See? There’s the real problem, isn’t it? What is wisdom?
Ask someone from the ACLU and another person from the MAGA movement what kinds of things demonstrate wisdom.
Are tougher gun laws wise? How about universal healthcare? Even something as basic as U.S. History divides us.
You see what I mean? Not so easy to pin it down, is it? More or less well-intentioned folks fall down on opposite sides of a whole range of questions.
Wisdom.
It’s a pretty abstract concept. Just saying, “Don’t be unwise; be wise,” doesn’t get you very far down the road.
We tend to think of wisdom as a body of knowledge we need to know our way around—the do’s and don’ts of 1001 different situations. And if we just had an app we could call up on our phones that told us what was right and wrong in any given situation, we’d at least have access to that necessary treasure of wisdom.

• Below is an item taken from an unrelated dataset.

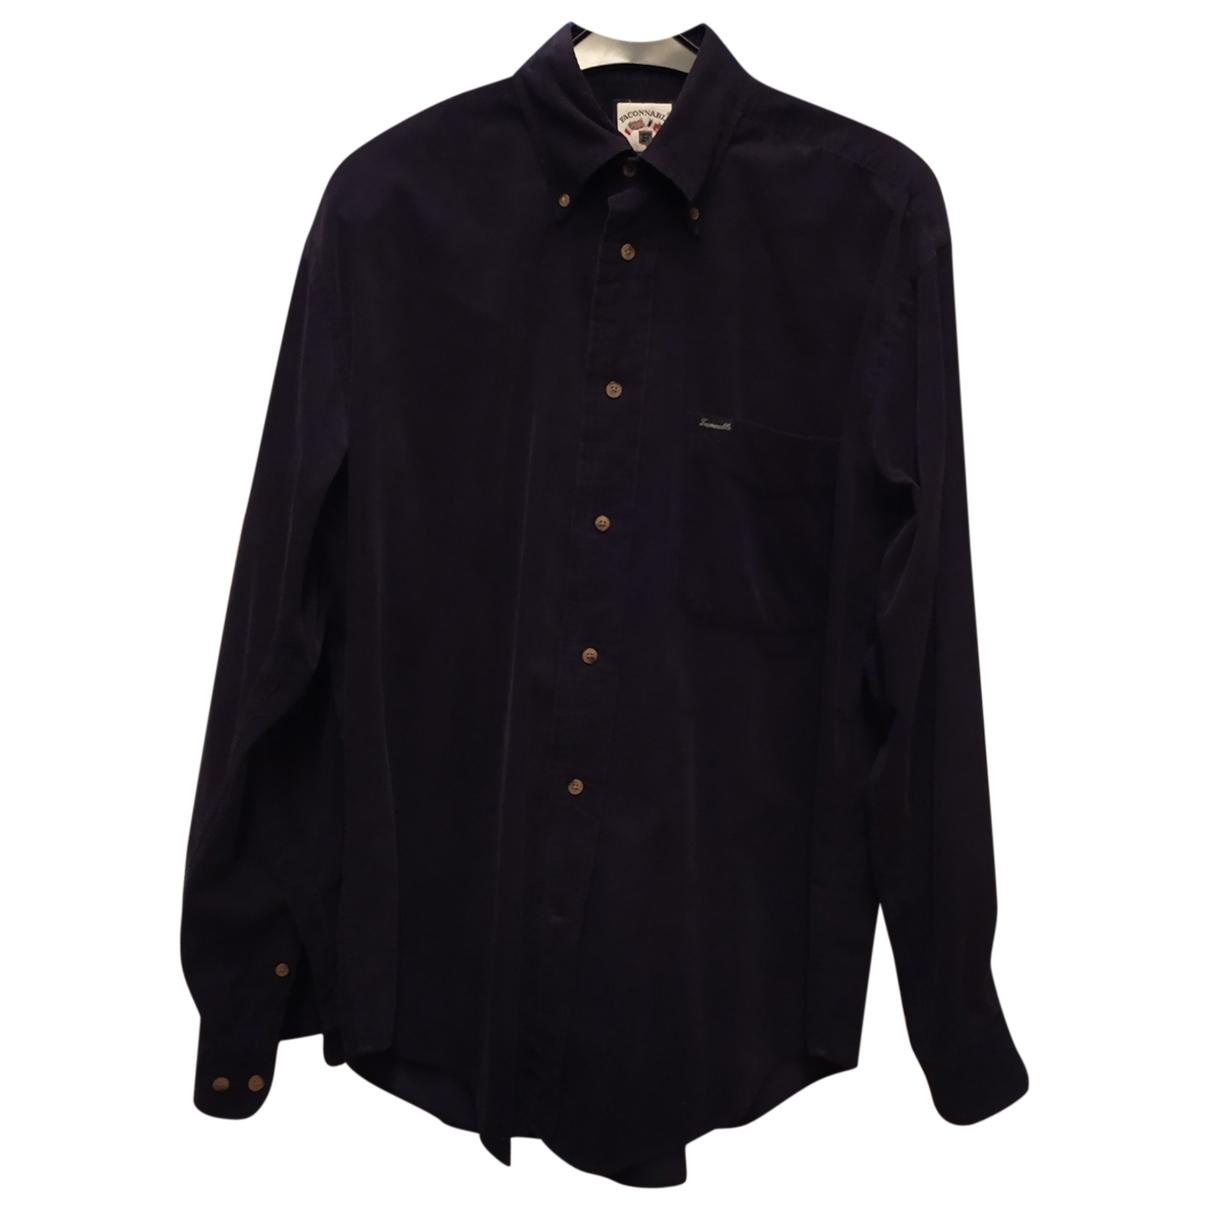 Camisas de Terciopelo Faconnable

But as Aristotle points out, wisdom isn’t only a matter of learning life’s secrets, both the pleasure and the pain; it’s about gaining mastery over them. Wisdom isn’t a list of rules that, if you commit them to memory, you’ll have become wise; it involves a specific set of moral practices.
Being a bricklayer, for instance, involves not only a knowledge of bricklaying but an actual ability to lay brick. In the same way, following Jesus involves not only knowing the faithful thing to do but actually doing it.
Or, in a paraphrase of Aristotle: We study wisdom not to know the wise thing. We study wisdom to learn how to act wisely.
Why is that important? What difference does it make as long as you know it?
Because the world is watching what we do.
Friedrich Nietzsche once said, “I will believe in the Redeemer when Christians start looking a little more redeemed." Or as Ghandi said, “I like their Christ; it’s Christians I can’t stand.”